So far this year my average is about 18 shells for 7 ducks would be OK, but I've been over dekes or jump shooting shooting uneducated locals. That's pretty good for someone that's cross-eyed and dyslexic.

A 15-shell limit would make better shooters out of us all.

And when those 15 are gone, just walk the dike and pick up trash, you'll find 5 or 6 live rounds easily.


----------



## wyogoob (Sep 7, 2007)

APD said:


> wyogoob,
> 
> what about keeping the 10 shell limit in place where it already is and adding a separate limit to be determined on the other main shooters alleys at the other wma's?

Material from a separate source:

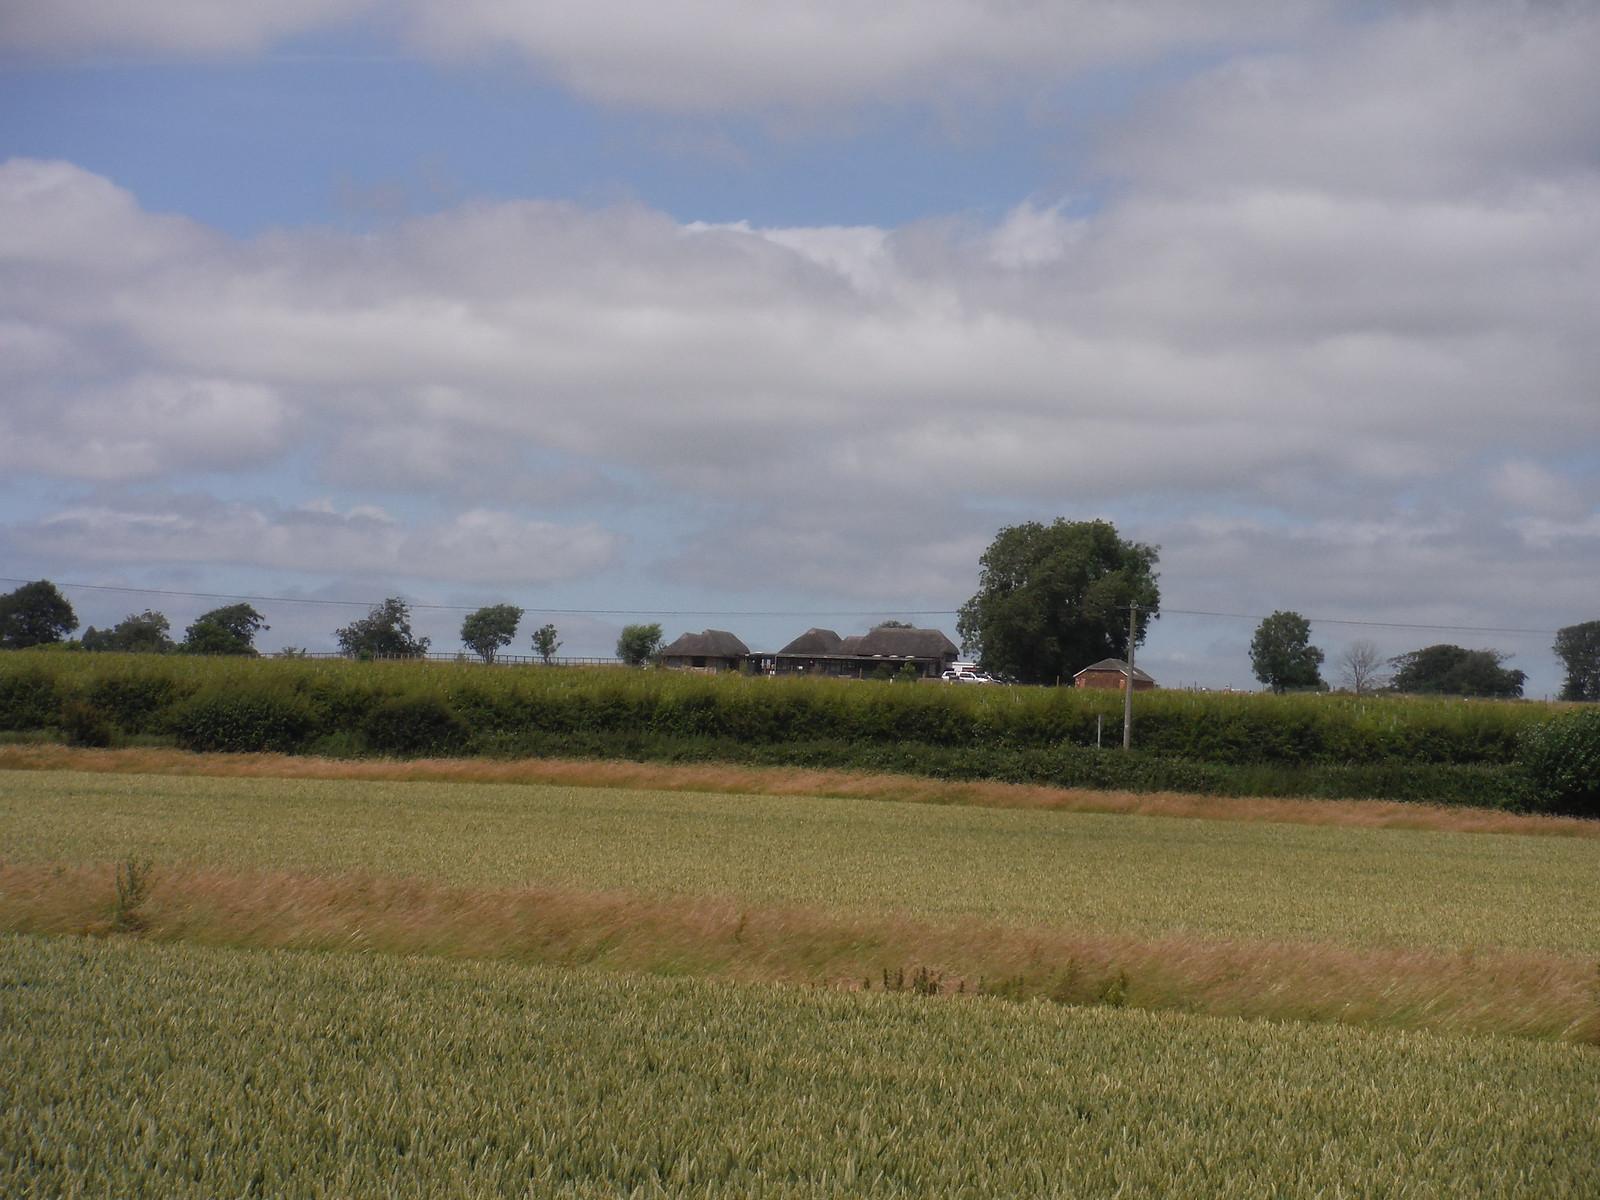 Bignor Roman Villa across a field and a road SWC Walk 217 Midhurst Way: Arundel to Midhurst

Not a bad idea. Say you had 10-shell at the best swan flight paths on certain dikes (every WMA has numerous hot spots for swans) and the rest of the WMA's dikes would have a higher shell limit. Leave the rest of the marsh like it is.

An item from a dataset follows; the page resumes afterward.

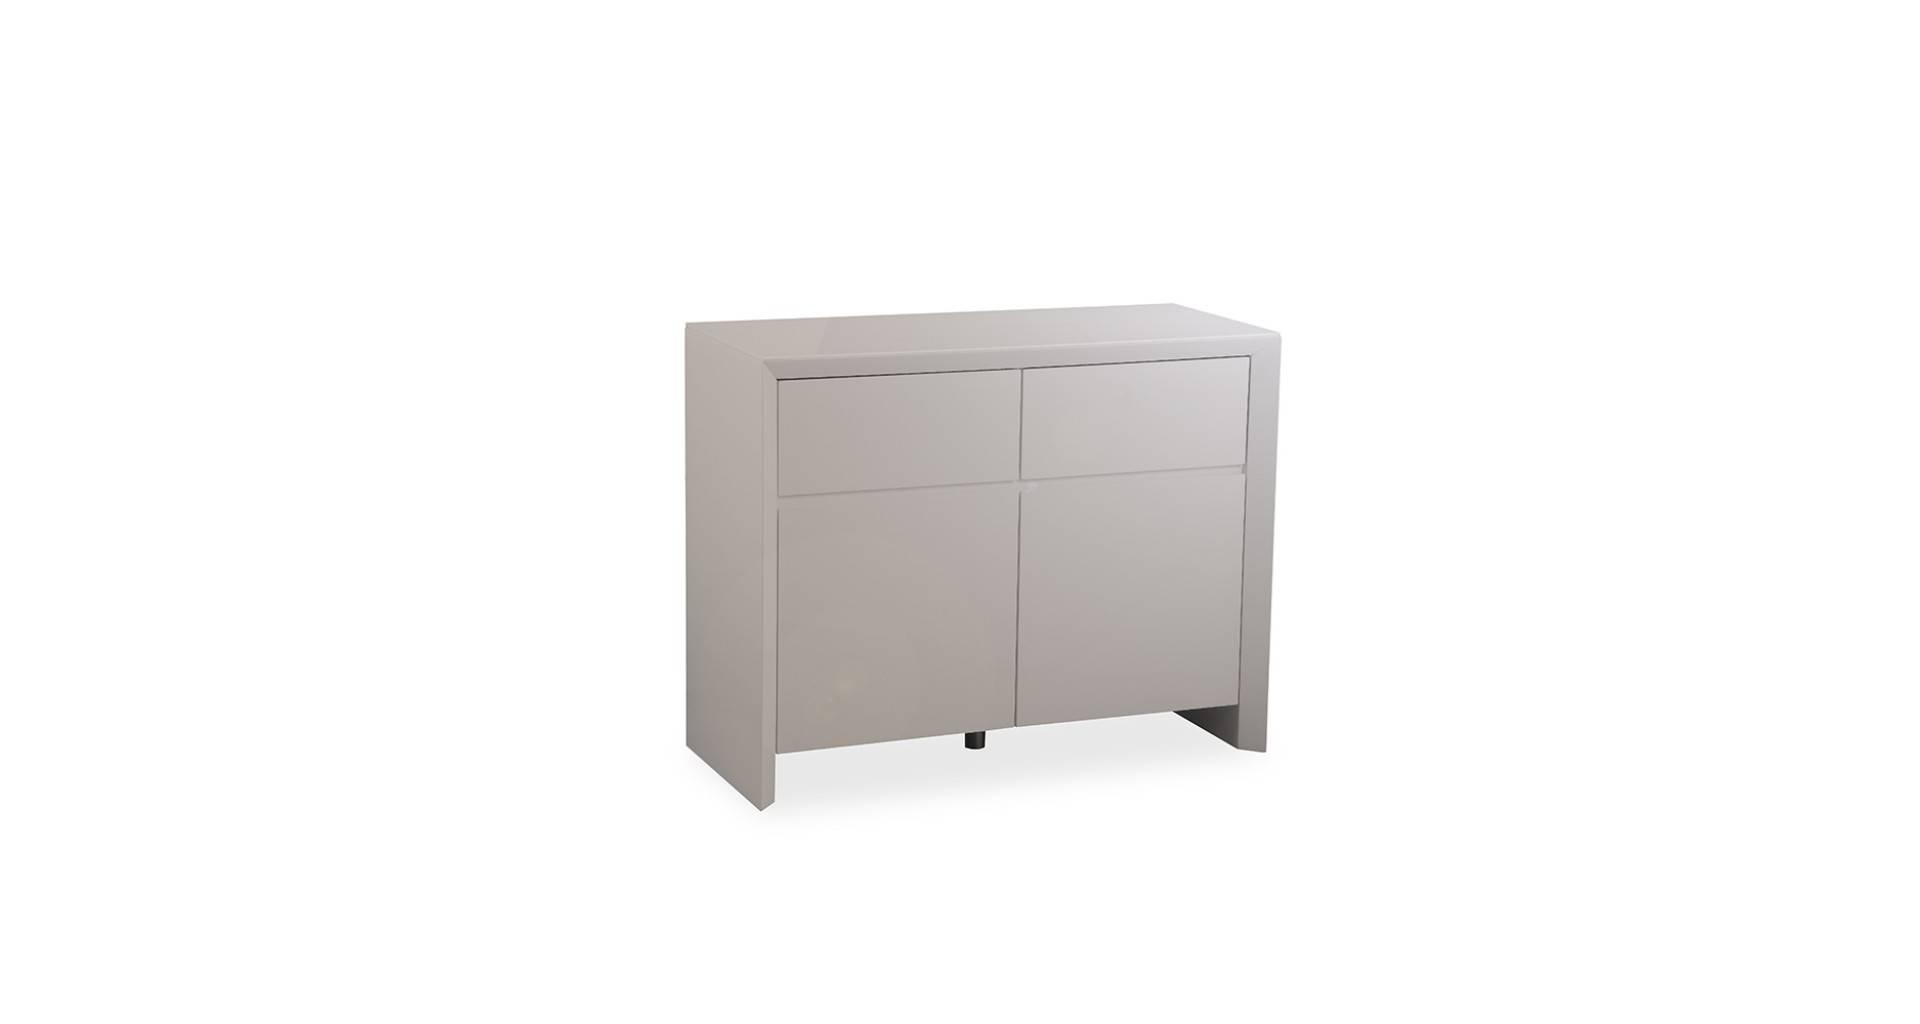 Soho – Small Sideboard – Grey High Gloss With Regard To Current High Gloss Grey Sideboards (View 8 of 15)

It's still hard to manage / police.....my observation is that waterfowlers, for some reason, tend to deviate from the rules more than other hunting groups.

I like the way the BRMBR does it and it's nice to see the Fish & Wildlife cops out there policing it once in a while.


----------



## STEVO (Sep 13, 2007)

I agree that a 15 shell limit would make us better shooters, but I still have that duck fever when they start flying in. I can go 25/25 on clay pigeons , but might only hit 5(at most) ducks out of 25 I shoot at :lol:


----------



## wyogoob (Sep 7, 2007)

STEVO said:


> I agree that a 15 shell limit would make us better shooters, but I still have that duck fever when they start flying in. I can go 25/25 on clay pigeons , but might only hit 5(at most) ducks out of 25 I shoot at :lol:


Heavens to Betsy!.....shoot da lips, not the hips.....aim at the quack, not the back.

Ah.....25/25....


----------



## toomeymd (Sep 21, 2009)

STEVO said:


> I agree that a 15 shell limit would make us better shooters, but I still have that duck fever when they start flying in. I can go 25/25 on clay pigeons , but might only hit 5(at most) ducks out of 25 I shoot at :lol:


I have that same problem...but I blame it on the wily ducks...ha ha ha Clays can't turn and weave like a duck...


----------



## Artoxx (Nov 12, 2008)

I have a similar problem, I shoot over 20 consistently on skeet, and have a hard time taking a limit of ducks with less than 2 boxes. Cannot seem to figure out what the deal is, but am leaning towards needing a new gun. 
I shot Al Hansens little riot gun at some thrown birds last winter, and could not seem to miss the bloody things. Duck hunting with a riot gun might be a little attention getting what with the extra long mag tube and all, but if I could actually hit something more than once out of ten times, I would be willing to chance the extra love from the co's. lol

As far as shell limits and such go, I am not sure that will solve the problem unless there is someone to stand at the gates every day and check the people going in, I am STILL finding lead hulls, and even loaded shells, every year and that crap has been outlawed for what, 15-20 years or so?

Irritates me even more in that it is almost always low brass 7-8's, can't kill a duck further than 50 feet with that crap under the best of circumstances. Stupid fools.

There is a program that allows civilians, that is NON police, to issue parking tickets on handicapped spaces, and maybe others. I saw a story on the news about it one night. Maybe they could enact a similar program for waterfowlers. I could issue 10 tickets a day MYSELF for waste of game, littering, and god knows what else. Those fools drinking and hunting are breaking at LEAST two MAJOR laws, might even be felonies, not sure.

Shooting at every bird that passes within 150 yards is harrassing wildlife as far as I am concerned, and that would be another charge if it were up to me.


----------